We propose a method for manufacturing a cold rolled steel sheet for press forming, which improves chemical conversion treatment properties without causing deterioration of press formability. The present invention will be explained in detail below. First, in order to obtain a steel plate with good press formability by continuous annealing, it is preferable that the amounts of C and N be as small as possible, such as C<0.01% and N<0.01%.
It is necessary to do so. Next, carbonitride-forming elements such as Ti, Nb, and Zr,
Nitride-forming elements such as Al and B are added. That is, when these elements are added, the extent to which press formability is inhibited by C and N in the steel is significantly reduced. However, when carbides and nitrides are present in large amounts, the ductility of the steel sheet deteriorates and press formability is inhibited. Furthermore, in order to obtain good press formability, it is desirable that C in the steel is not in a solid solution state before annealing. Therefore, in order to fix C as TiC, NbC or ZrC, it is necessary that the carbonitride-forming element be contained in the steel in an atomic ratio of 1 or more to C. Further, even when two or more carbonitride-forming elements are added in combination, there is no problem as long as the total atomic ratio of each element to C is 1 or more. However, if these elements are excessively contained, C and N that have been carburized or nitrided into the steel may become carbides or nitrides because they are retained in a carburizing or nitriding atmosphere as described below during cooling after annealing.

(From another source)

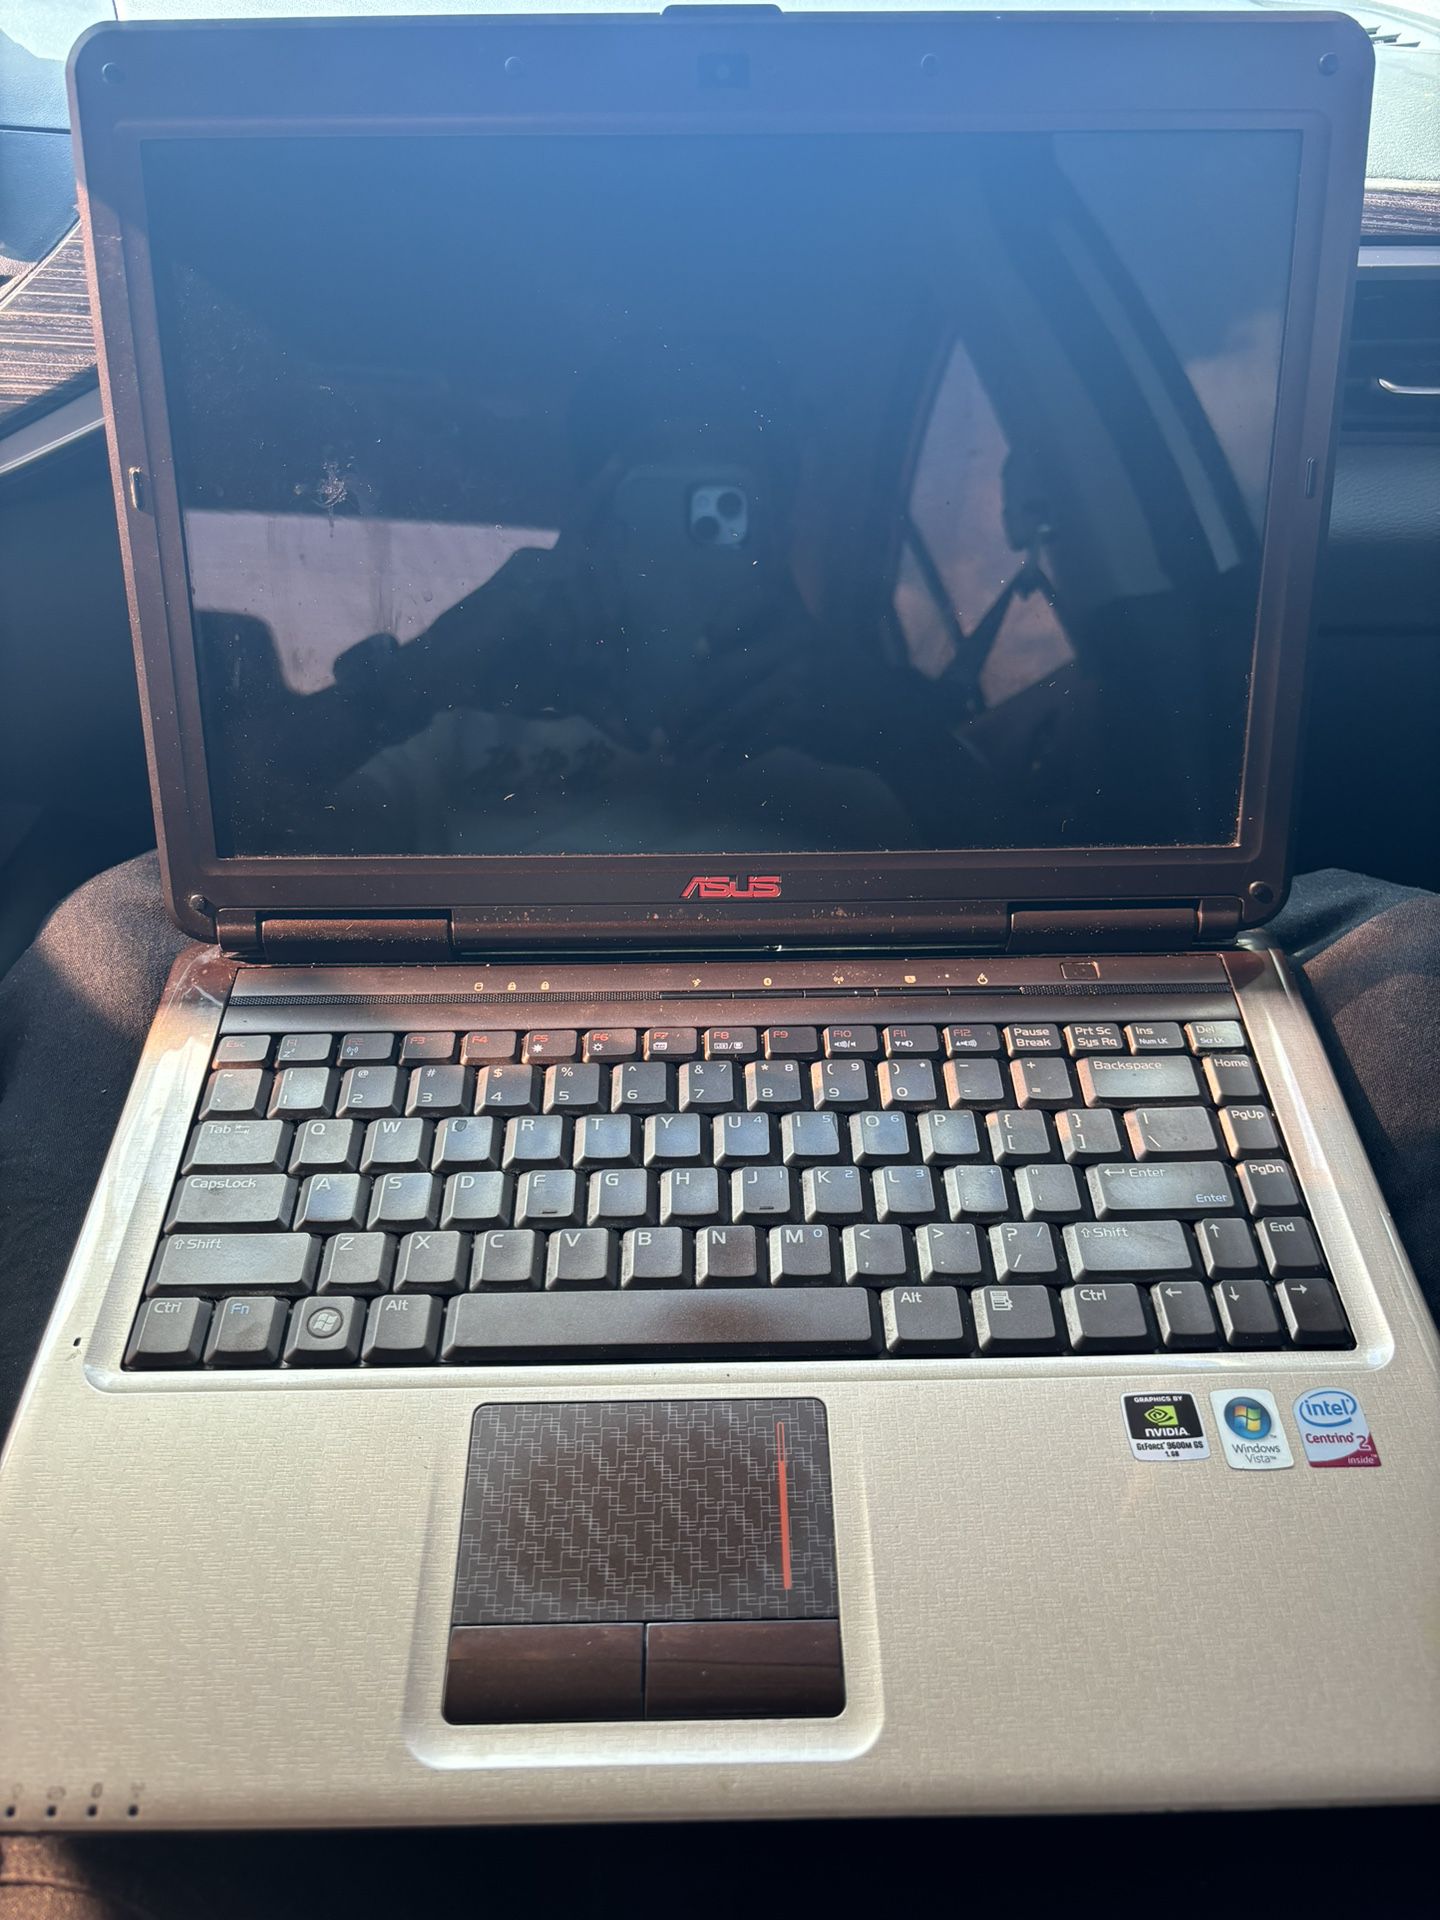 Asus Laptop $40

It becomes a nitride, and on the contrary, the effect of improving chemical conversion treatment properties cannot be obtained. From this point of view, the total content of carbonitride-forming elements needs to be 5 or less in atomic ratio with respect to the amount of C contained in the steel sheet before annealing. Furthermore, although nitride-forming elements such as B and Al are difficult to form carbides, they easily form nitrides in steel. Therefore, in order to effectively generate carbides using carbonitride-forming elements, N in the steel is fixed as nitrides using B, Al, etc., thereby achieving good press formability and at the same time Since it is possible to reduce the amount of carbonitride-forming elements added, it is possible to fully exhibit the effect of improving chemical conversion treatment properties by carburizing treatment during cooling after annealing. In order to expect such an effect, the atomic ratio of B or Al to N in the steel must be 0.5 or more. On the other hand, as in the case of the carbonitride-forming element group, if the impregnation is excessive, the effect of improving chemical conversion treatment by nitriding during annealing and cooling will not be realized, so the total atomic ratio of N in steel will be 5. The following shall apply. As mentioned above, the annealing temperature is 750 for the above composition.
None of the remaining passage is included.